"We-el--don't skip!" cried Billy Louise, backing away from him with more blushes than any girl could hope to hide behind a coat of tan. "There's lots of chapters before the last. And you've got to read them straight through and--no fair skipping!"
"Wilhemina-mine!" Ward repeated the newly invented appellation, which seemed to approach satisfactorily close to the line of forbidden endearments.
"Oh, for pity's sake! I never knew you to act so." Billy Louise scowled unconvincingly at him from a safe distance.
"I never was kissed before," blurted Ward foolhardily, kicking Rattler closer.
"Well, if that's what ails you, I'll see it doesn't happen again," retorted Billy Louise squelchingly, and Ward's self-assurance was not great enough to lift him over the barrier of that rebuff.
They came upon Charlie Fox sitting on his horse beside the crude mail-box, reading avidly a letter of many crisp, close-written pages. Billy Louise flashed Ward an I-told-you-so glance.

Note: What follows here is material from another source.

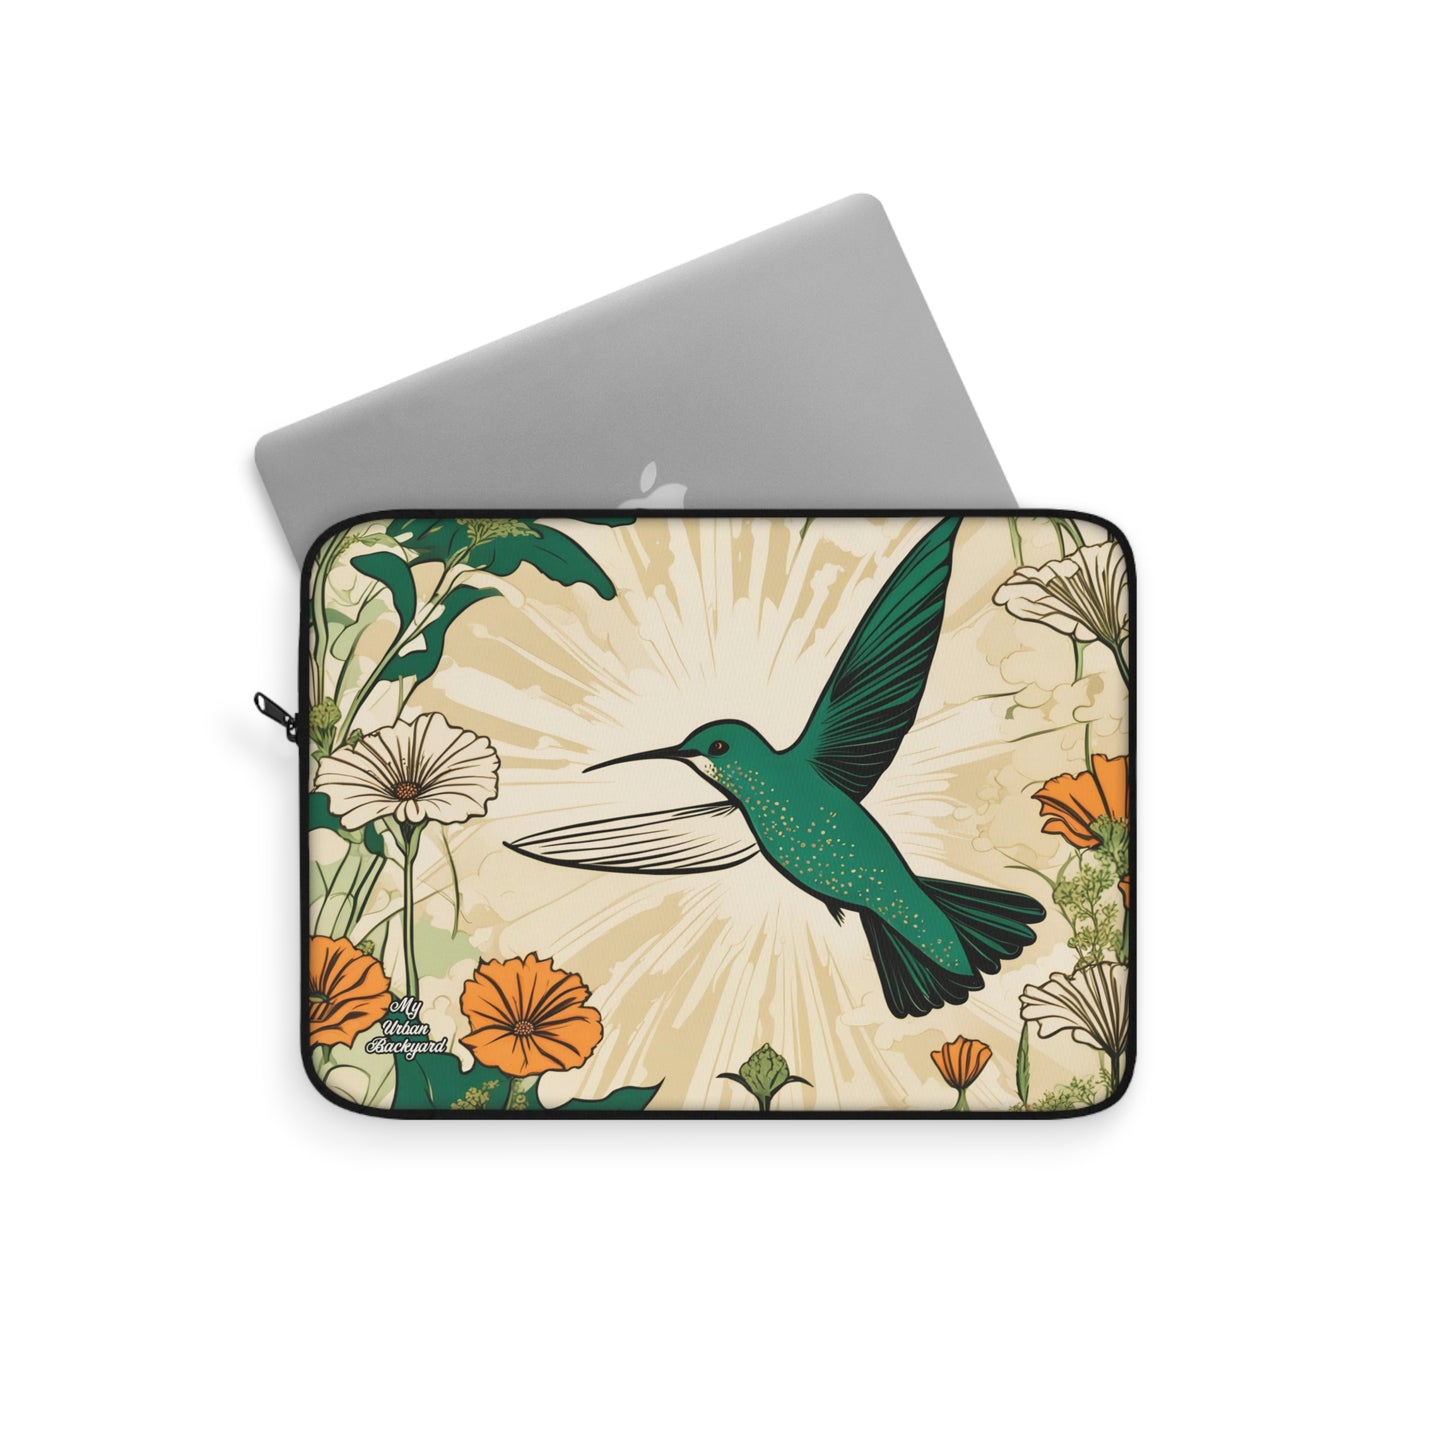 Hummingbird, Laptop Carrying Case, Top Loading Sleeve for School or Work

"Why, how do you do?" Charlie came out of cloudland with a start and turned to them cordially, while he hastily folded the letter. "Going down into the Cove? That's good. I was just up after the mail. How are things up your way, Warren?"
"Fine as silk." Ward's eyes swung briefly toward what he considered the chief bit of fineness.

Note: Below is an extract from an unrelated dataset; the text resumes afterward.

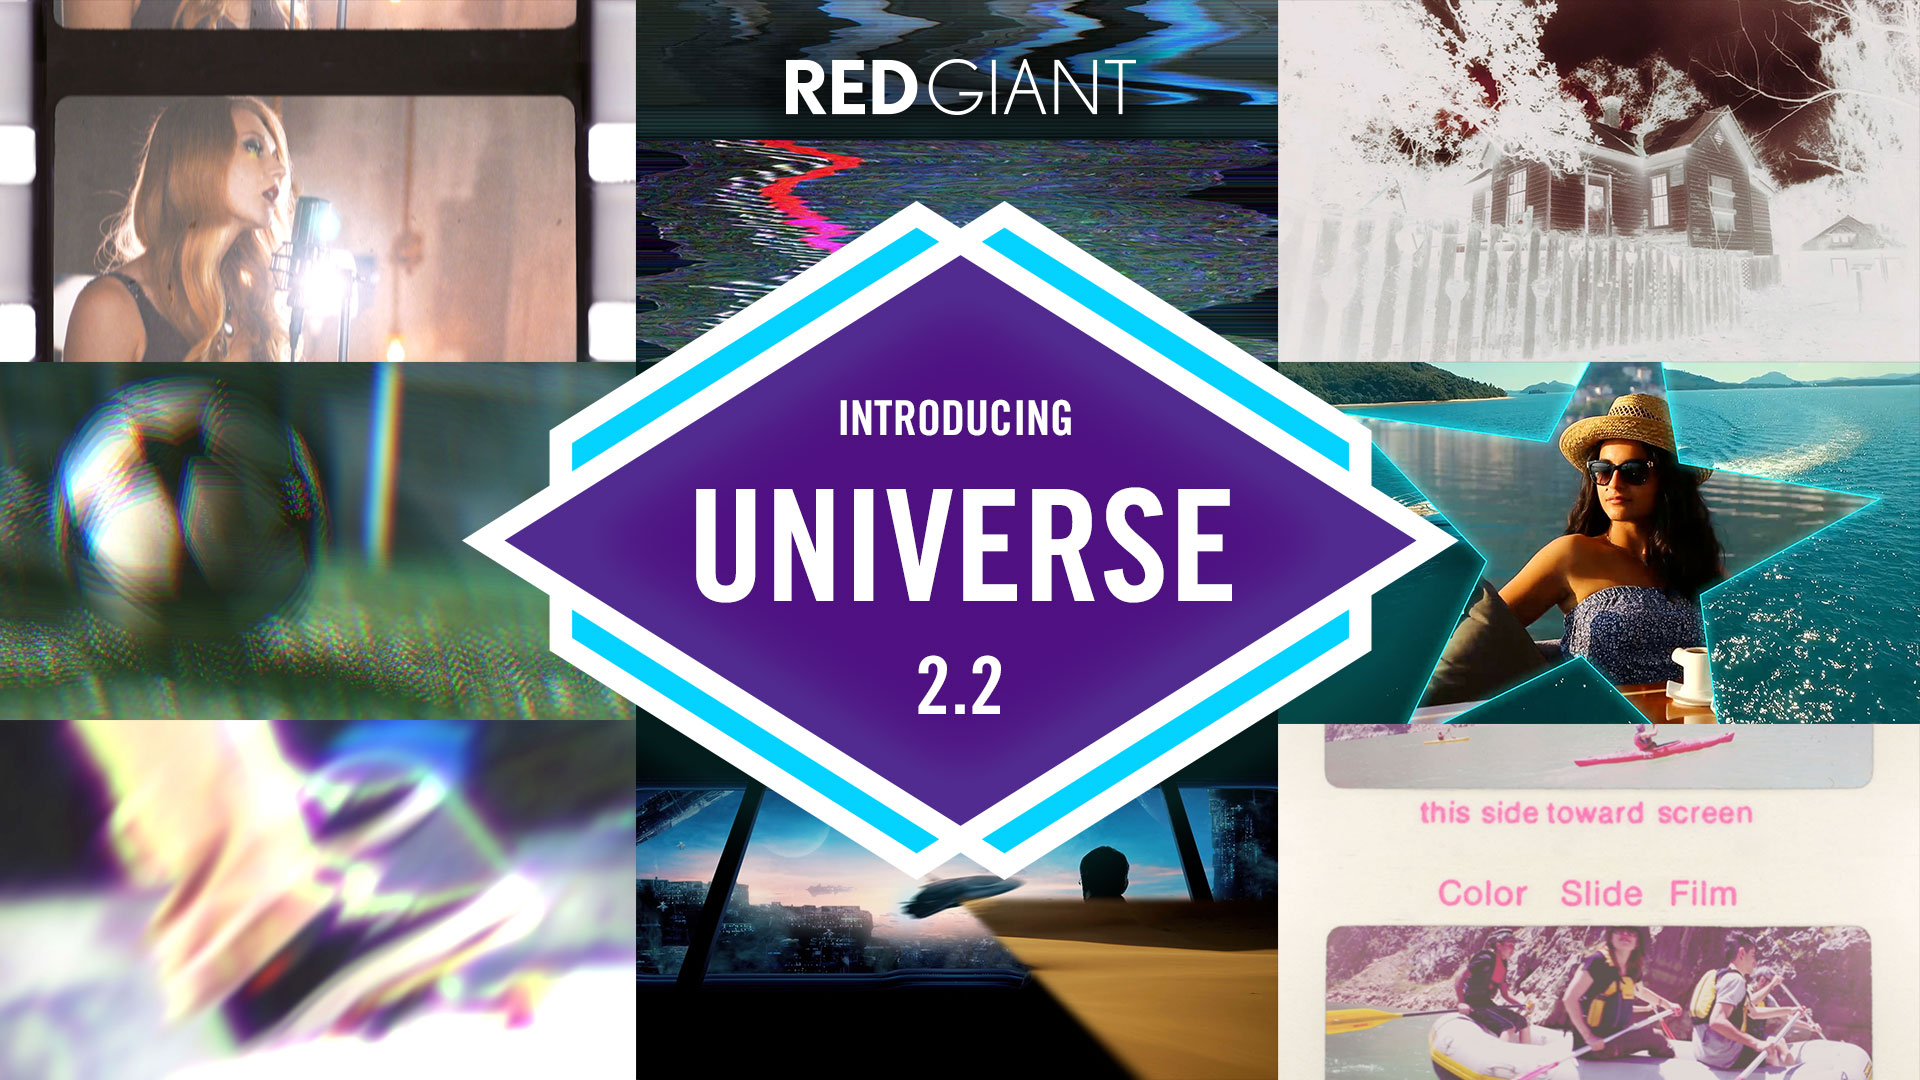 Red Giant Universe 2.2

"That's good. Trail's a little narrow for three, isn't it? I'll ride ahead and open the gate."
"They've got a new gate down here," said Billy Louise trivially. "I forgot that important bit of news."
"Well, it is important--to us Covers," smiled Charlie, glancing back at them. "No more bars to be left down accidentally. This gate shuts itself, in case someone forgets."
"And you haven't lost any more cattle, have you?" The question was a statement, after Billy Louise's habit.
"Not out of the Cove, at any rate. I--can't speak so positively as to the outside stock--of course."
"You've missed some?" Billy Louise never permitted a tone to slip past her without tagging it immediately with plain English. Charlie's tone had said something to which his words made no reference.
"I don't like to say that, Miss Louise. Very likely they have stray--drifted, I mean--back toward their home ranch. Peter and I can't keep cases very closely, of course."
Billy Louise shifted uneasily in the saddle and pulled her eyebrows together. "If you think you've lost some cattle, for heaven's sake why don't you say so!" (Ward smiled to himself at her tone.) "If there's anything I hate, it's hinting and never coming right out with anything. Have you lost any?"
Charlie turned with a hand on the cantle and faced her with polite reproach. "Peter says we have," he admitted, with very evident reluctance. "I hardly think so myself. I'd have to count them. I know, of course, how many we've bought in the last year."